▸ **Task prompt**
Below are entries. Copy exactly the lines running from the line that holds "Apple Watch Series 6 (GPS + Cellular)" to the line that holds "Marcelino Armenter, exconsejero", with both ends included.

▸ **Material provided**
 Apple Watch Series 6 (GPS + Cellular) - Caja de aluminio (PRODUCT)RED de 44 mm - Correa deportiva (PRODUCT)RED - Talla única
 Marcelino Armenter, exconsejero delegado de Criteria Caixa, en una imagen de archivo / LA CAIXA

---

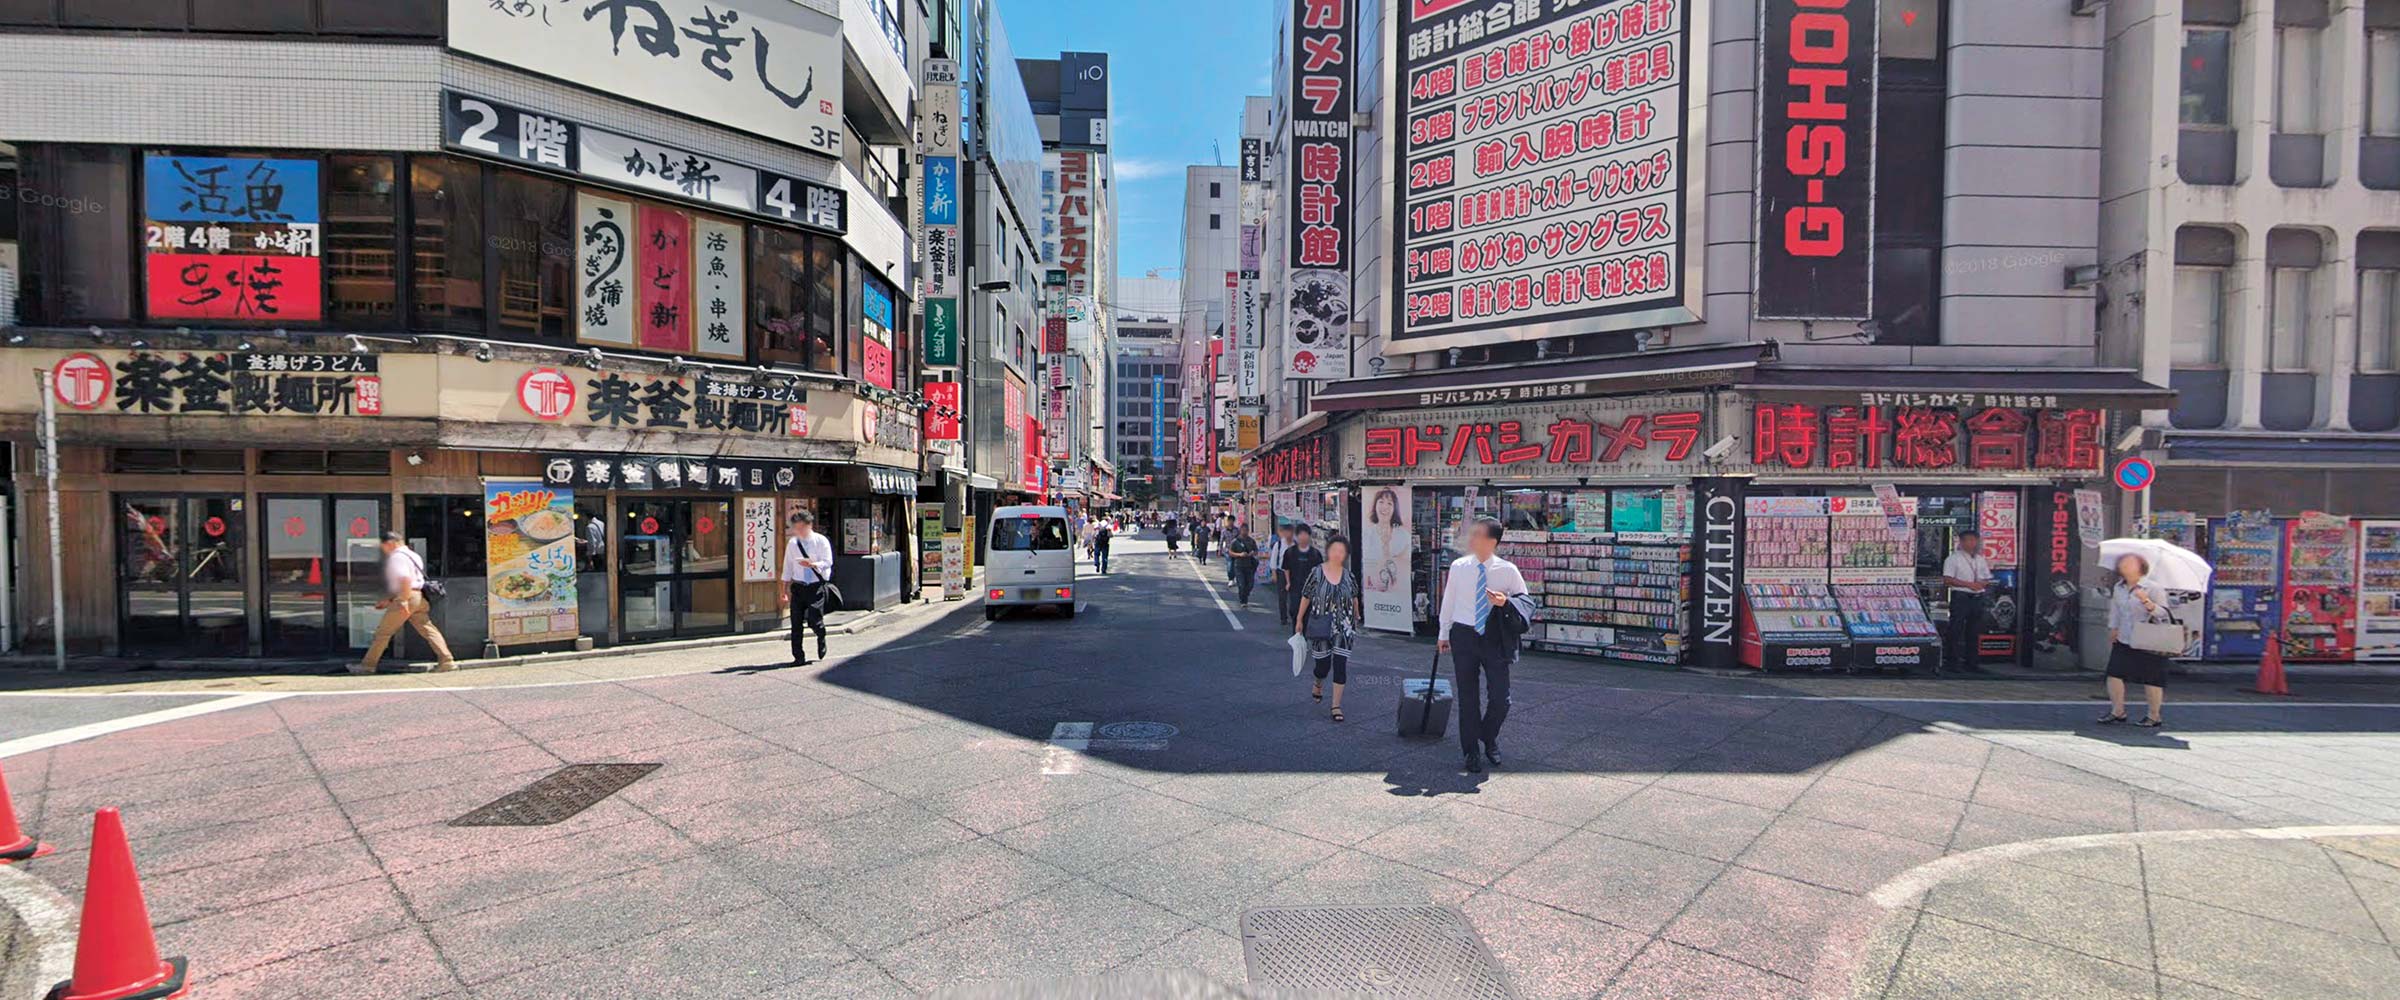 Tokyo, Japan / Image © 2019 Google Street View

▸ **Expected answer**
 Apple Watch Series 6 (GPS + Cellular) - Caja de aluminio (PRODUCT)RED de 44 mm - Correa deportiva (PRODUCT)RED - Talla única
 Marcelino Armenter, exconsejero delegado de Criteria Caixa, en una imagen de archivo / LA CAIXA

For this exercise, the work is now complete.